■ What you need to do: Using the data below, output a verbatim copy of the lines between the one holding "Deep Water (8002-38G) - Colorxs Quad Palette" and the one holding "Стульчик для кормления Nuovita", inclusive, without any pictures.

■ Data for review:

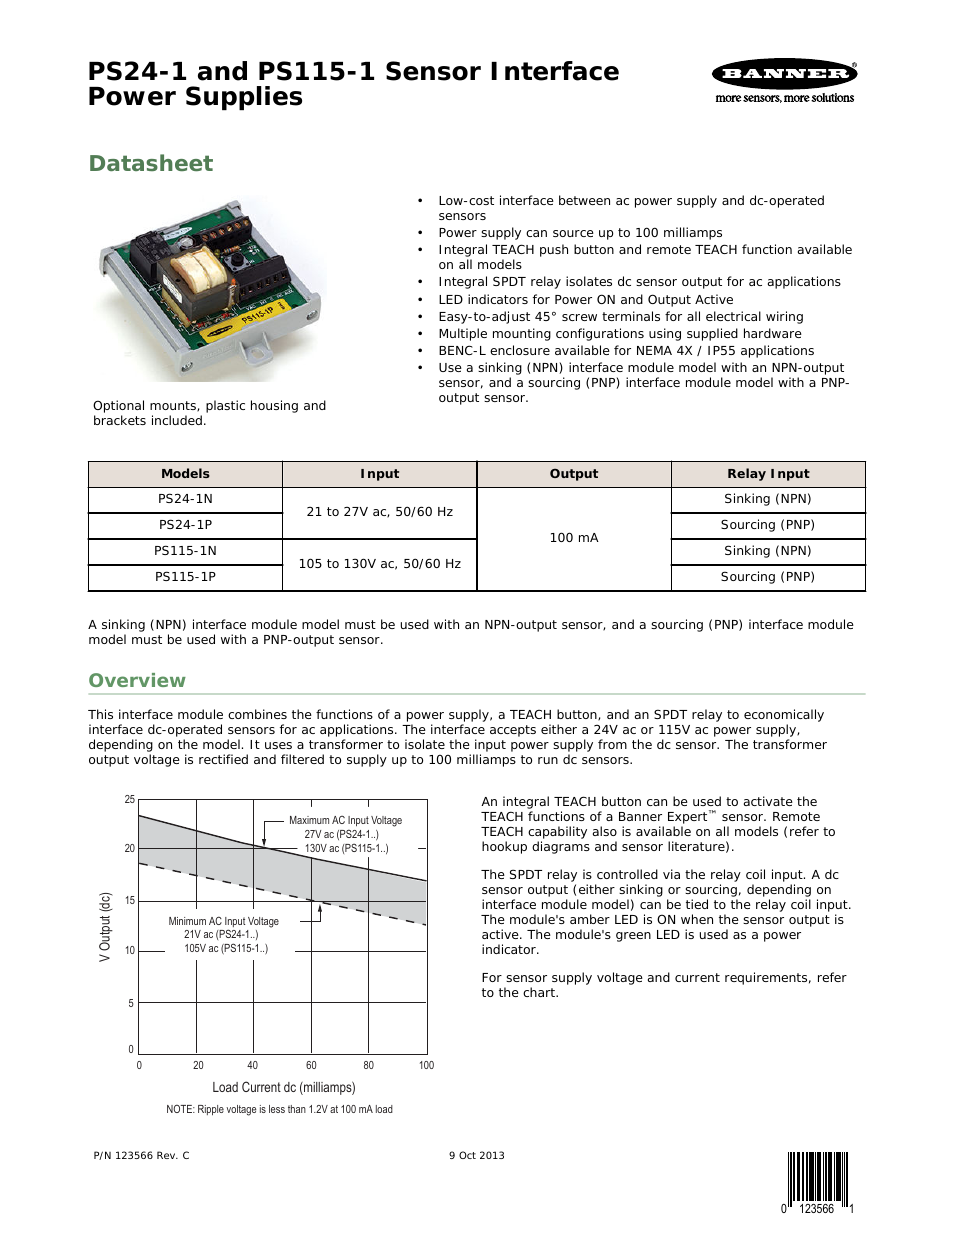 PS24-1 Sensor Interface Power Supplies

...

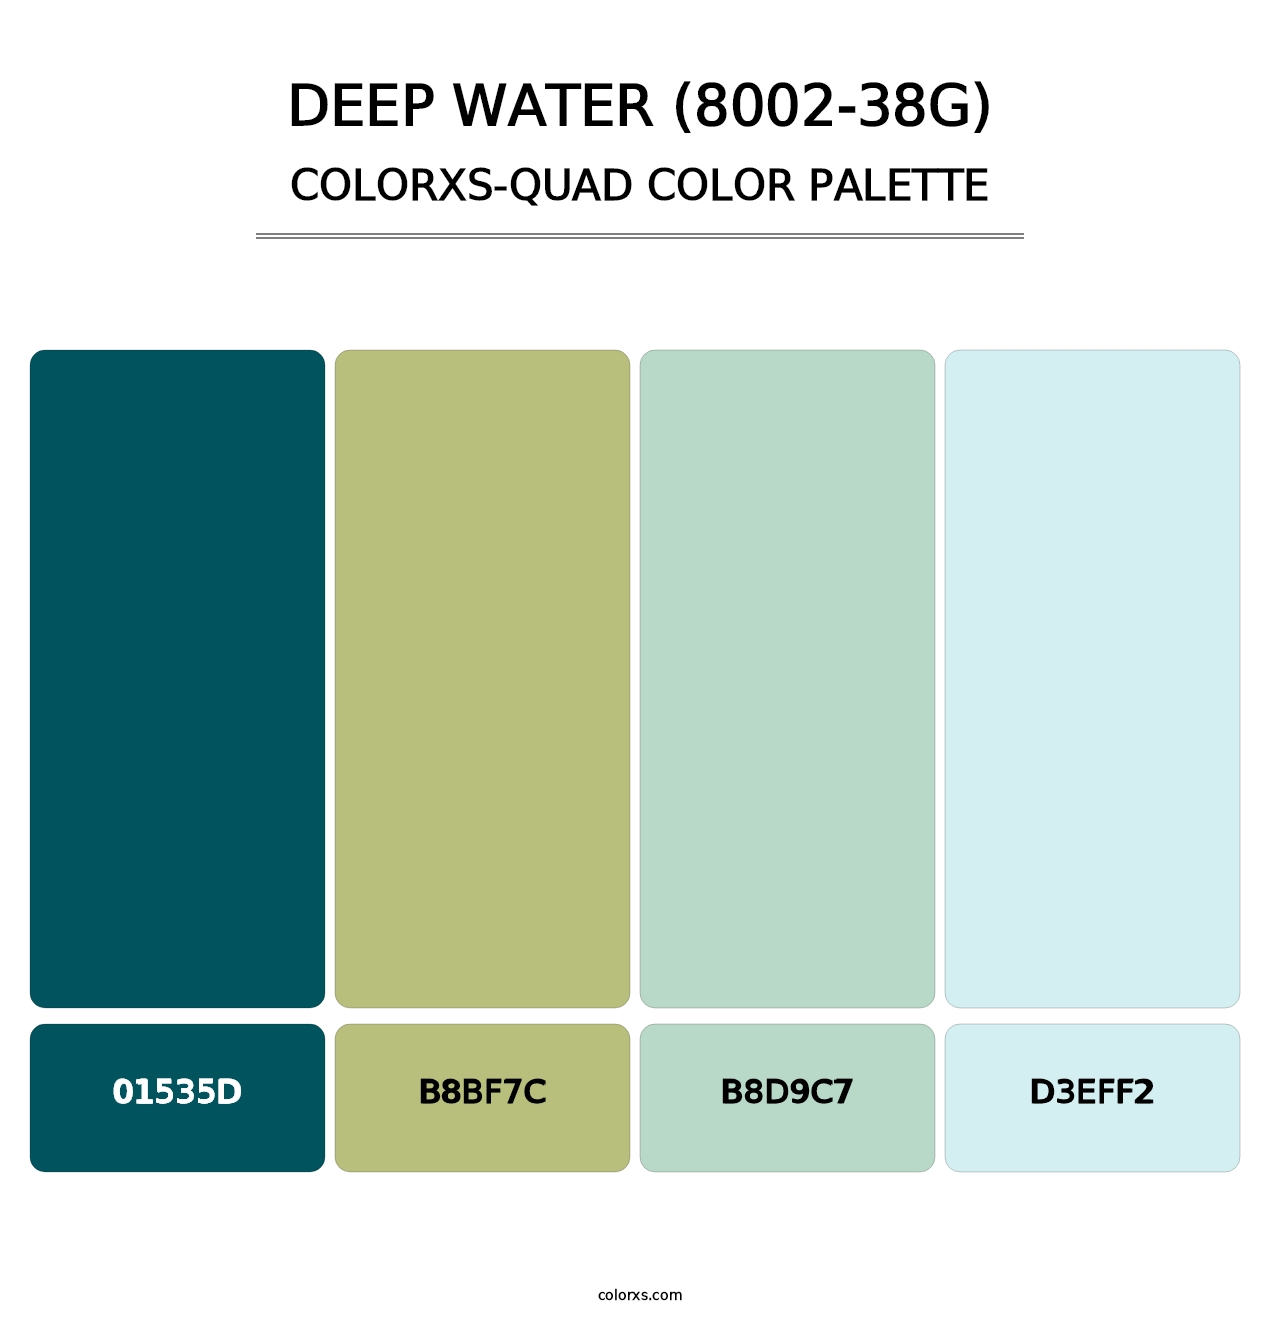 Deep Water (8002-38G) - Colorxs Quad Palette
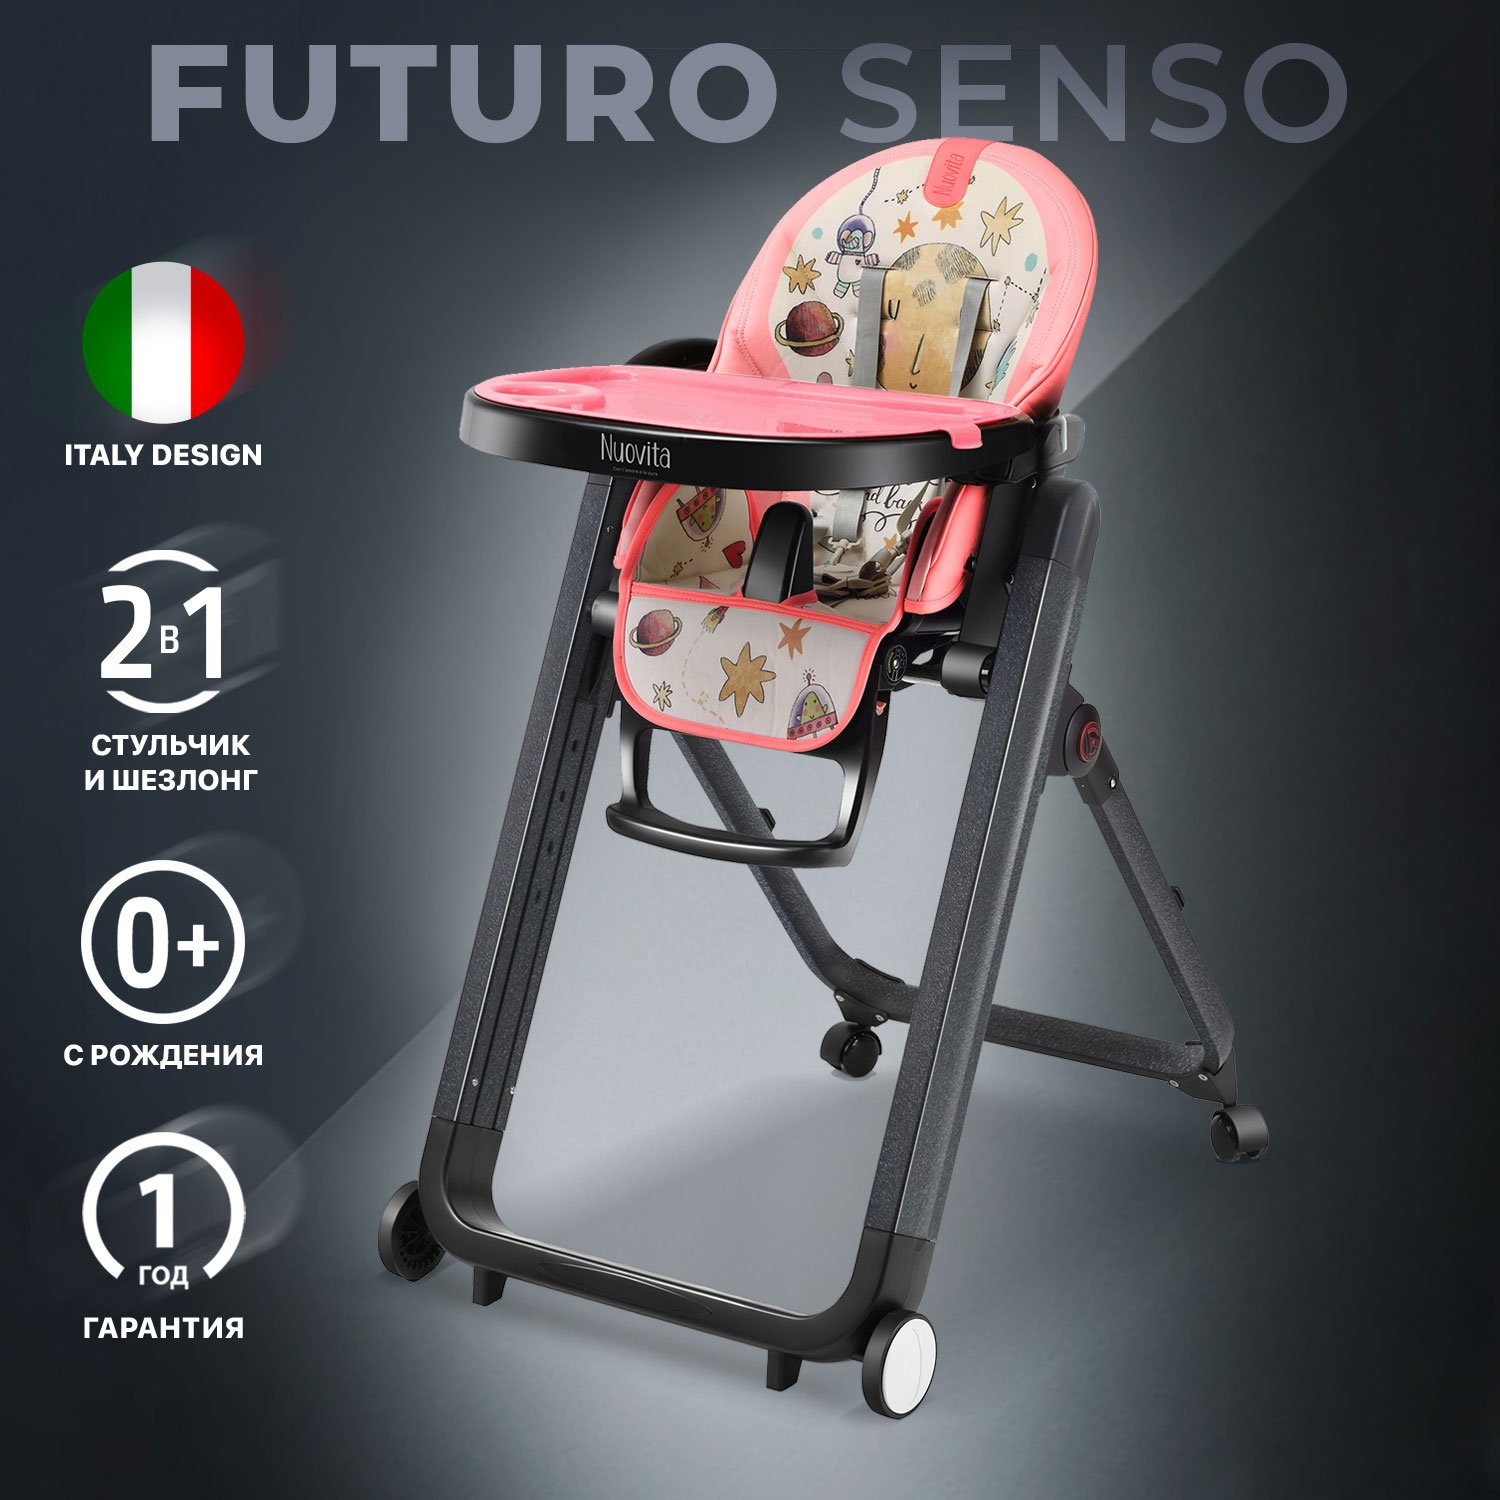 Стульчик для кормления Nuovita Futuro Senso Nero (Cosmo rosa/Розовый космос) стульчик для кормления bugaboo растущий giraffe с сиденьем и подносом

* * *

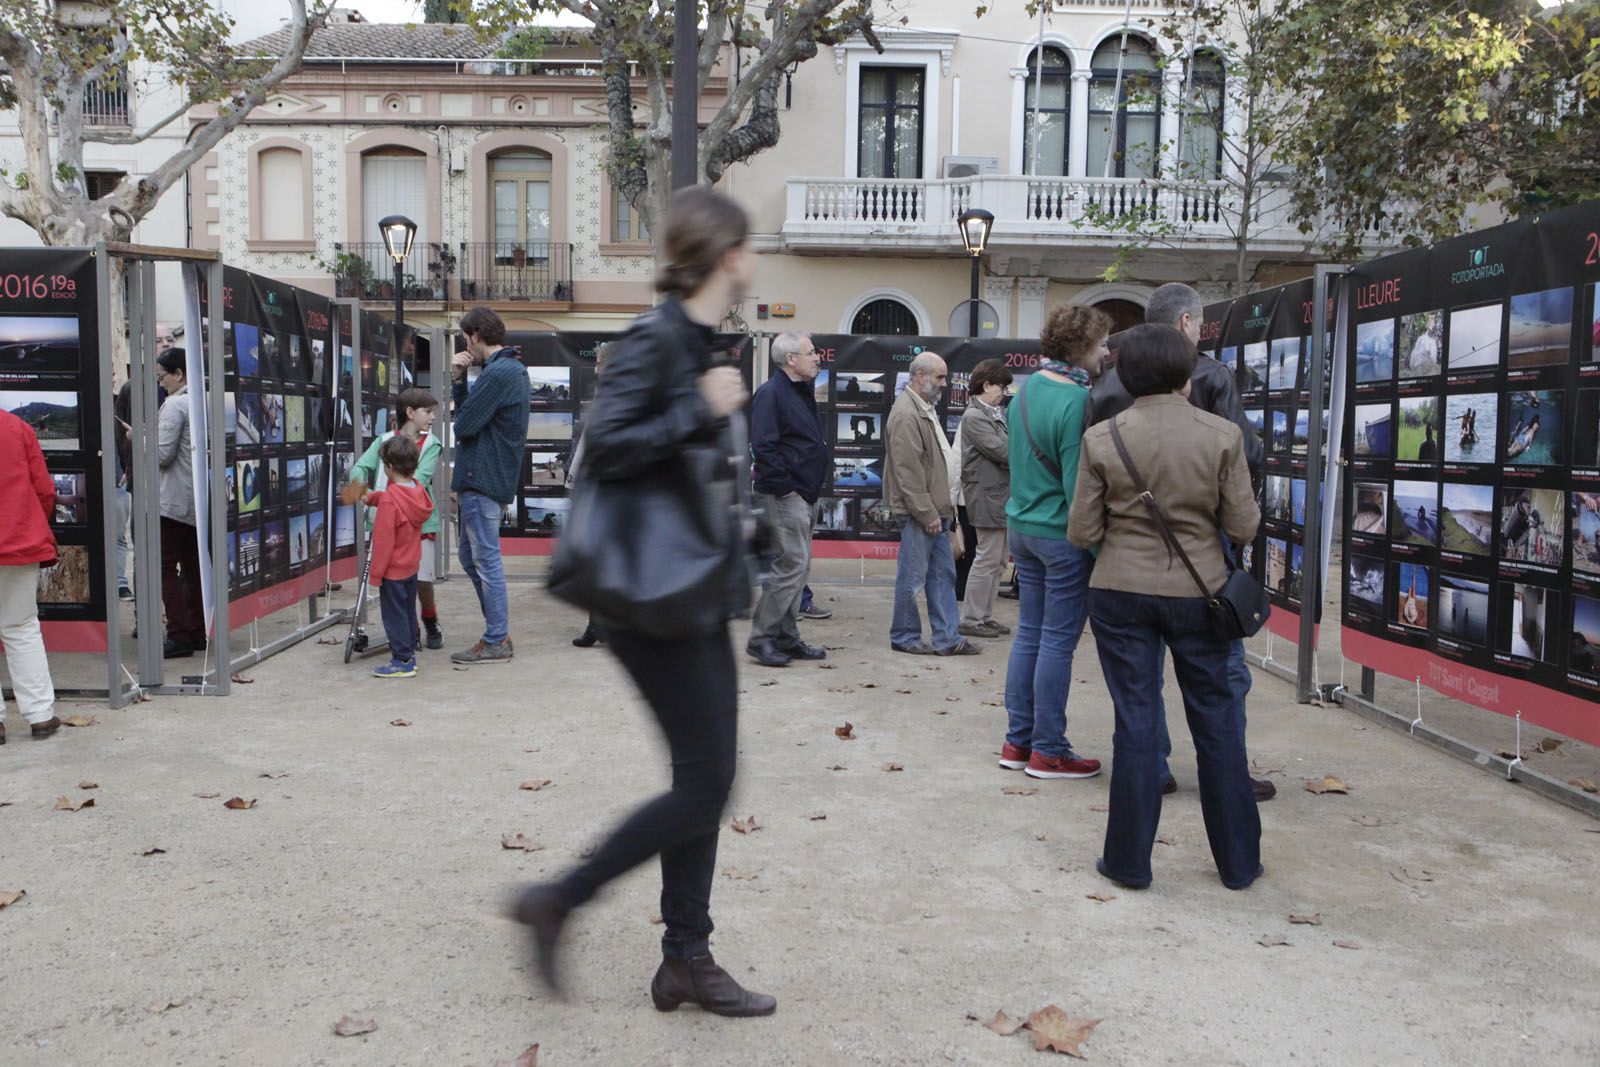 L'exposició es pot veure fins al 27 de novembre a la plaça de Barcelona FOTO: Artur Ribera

■ Your solution:
 Deep Water (8002-38G) - Colorxs Quad Palette
 Стульчик для кормления Nuovita Futuro Senso Nero (Cosmo rosa/Розовый космос) стульчик для кормления bugaboo растущий giraffe с сиденьем и подносом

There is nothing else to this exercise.